Sounds pretty suspicious to me. But Bridgend has always had a high suicide rate, hasn’t it? Is there any explanation for that?

The whole of South Wales, the Valleys area, has a higher-than-average suicide rate—highest in the UK, in fact. If you’re looking for factors that explain it, it depends a lot on who you talk to. We know that in this area we have some of the most deprived parts of the United Kingdom. There are very high levels of unemployment and illness. So there are social and economic factors that do play a part in some deaths, but not necessarily in these deaths.

So what’s it all about? Why so many deaths in so little time in one small area?

There is nothing specific to Bridgend that can explain all these deaths. We offer the theory of contagion.

What is that, like contagious suicide?

No. We started talking about it in January, and at first people didn’t want to know. But by March people were coming on board. Contagion theory is sometimes known as the Werther Effect, named after Goethe’s The Sorrows of Young Werther.

Go on…

Toward the end of the book, this character, Werther, takes his own life, but he does so in a specific way, wearing a costume of some sort. After the book was published back in the 1800s it was banned because people imitated Werther. Contagion theory is what we call it when one person in a community kills themselves, and it almost gives permission to others to do the same—or so it seems.

What is the media’s role in all this?

The media plays a big role in spreading the word through the community. That is why we recommend strict media guidelines to ensure events are reported in a responsible way. People don’t have to know a person for their suicide to affect them.

So what is it that the media does that causes problems?

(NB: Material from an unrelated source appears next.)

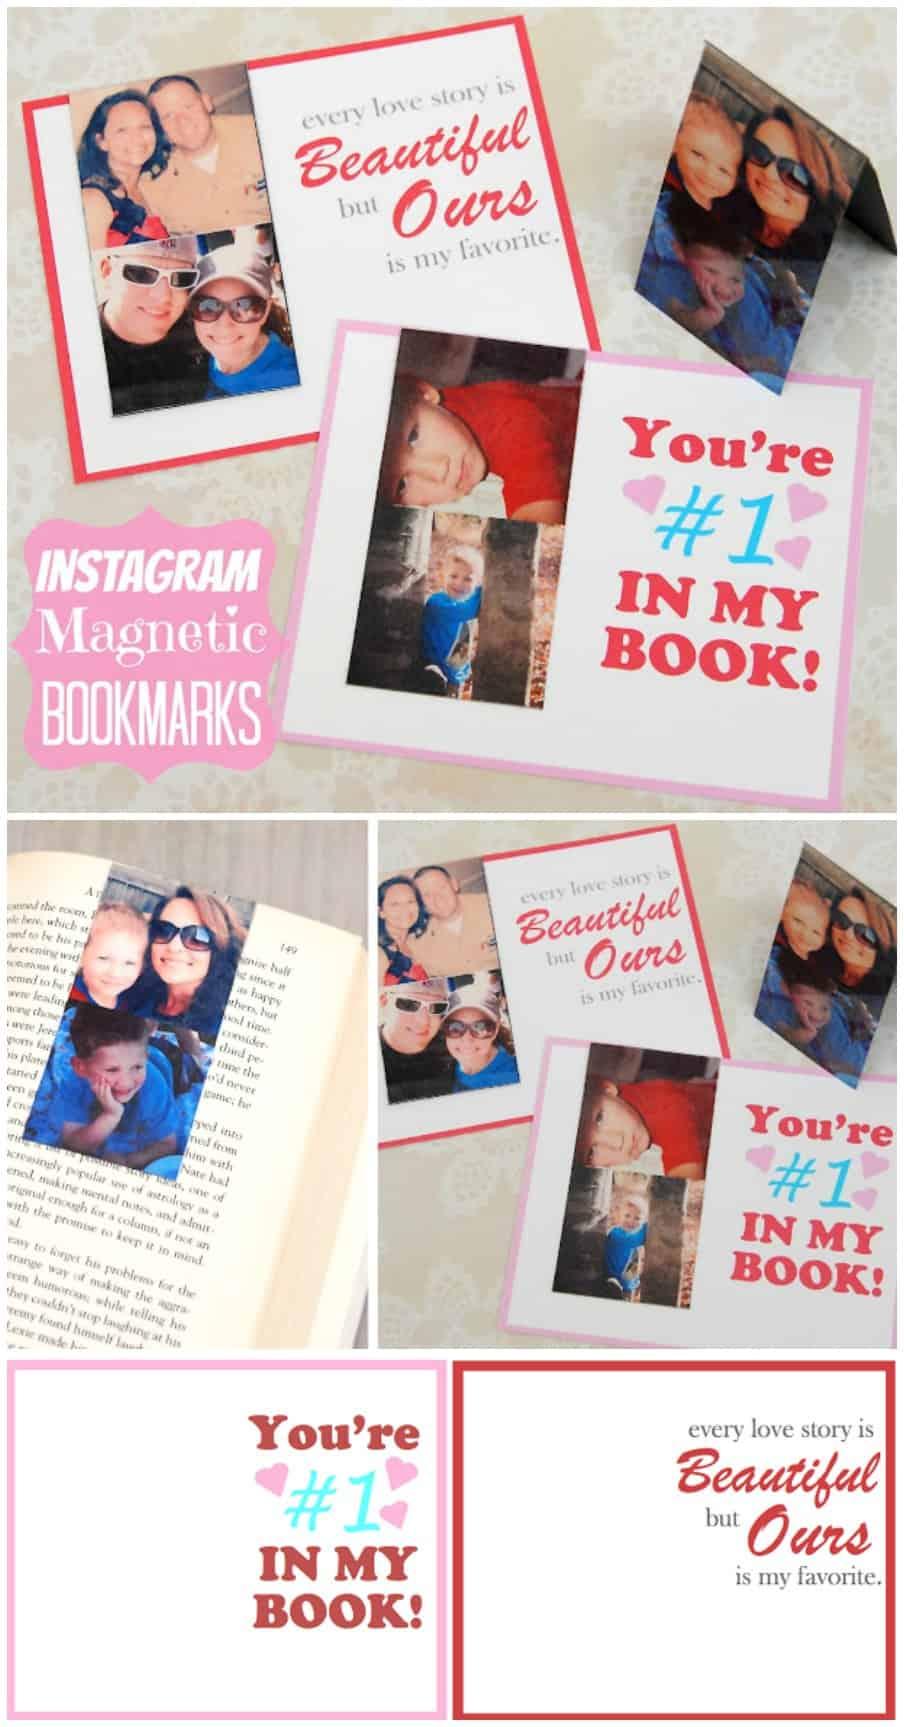 Instagram Magnetic Bookmarks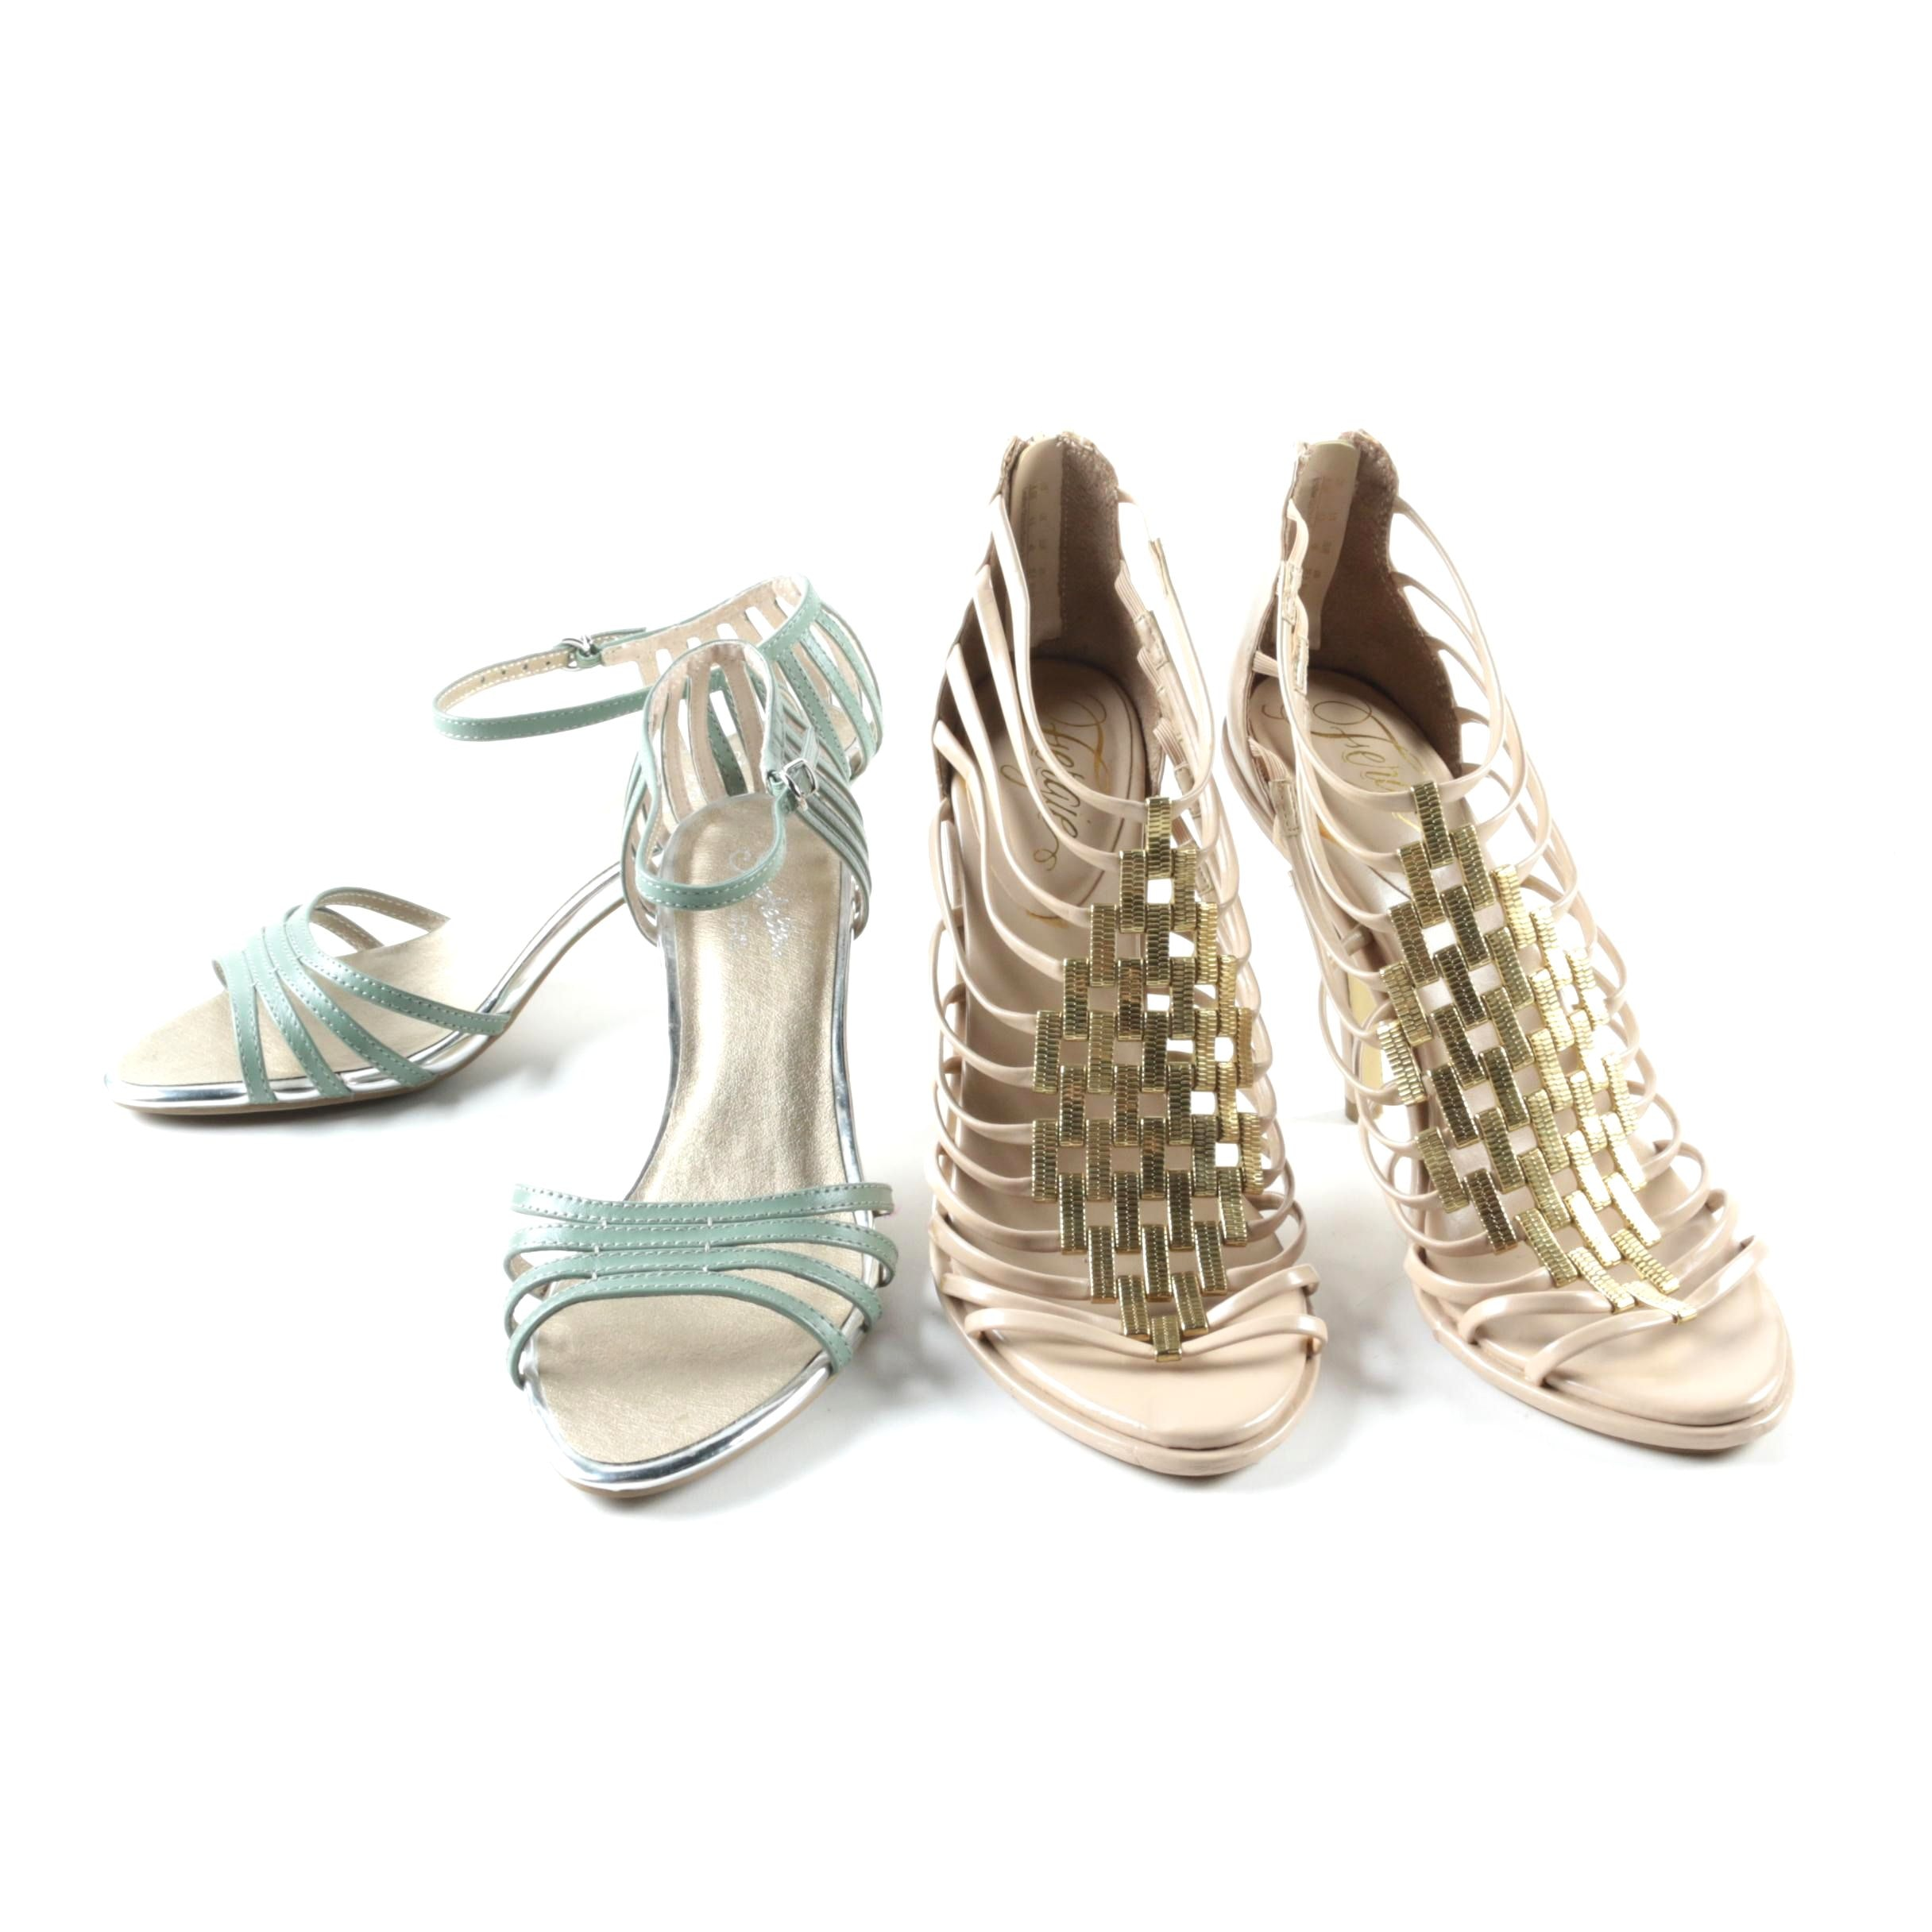 Women's Fergie and Seychelles High Heel Sandals

Well, if somebody becomes aware of another person’s problems, it can be dangerous. Say you have a person in the community who is in debt, and their debt leads to relationship troubles, and they decide to hang themselves. If the newspapers pick up on that and report it, that’s fine—if it is done right. If they go into too much detail about his circumstances and the method by which he died, it could make another man who is in debt and having relationship troubles, but has been just hanging on, think: “Wait, maybe there is no hope. Maybe this is what I am supposed to do.”

It might plant the seed.

I cannot say that the reports in the media caused further deaths. There is no evidence for that. But what I can say is that we know the reporting and the way the media behaved had a very negative affect on the community—especially with the use of photographs of those who died. The story was in the press almost every day. Imagine seeing photos of your deceased loved ones again and again on the front page. And then they print them again on the anniversary. We know that this had a really awful effect on the community and the relatives. Some of the headlines left a lot to be desired, like “Suicide Town.”

Not too classy.

And then there were things about death cults online and stuff. It caused a lot of anger around here. The town is still in shock.

What did you make of the repeated accusations of social-networking websites being responsible?

There is no evidence for any social-networking link. I mean, yes, a lot of those who died did have profiles on networking sites, but then again so do most youngsters and young adults across the UK. The other factor in encouraging people to think that online communities are linked to the deaths is the tendency for people to leave messages on the pages of those who have died. Now, to me that is no different than a book of condolence that someone’s grandmother might have signed. It’s just a way of offering respect.

What long-term effects have the suicides had on the people around there?

There are some positive effects, like how people are now talking openly about suicide. It was taboo here for a long time. It is a big problem that people in Wales, especially young men, do not talk about their problems. They see it as weak, which is wrong.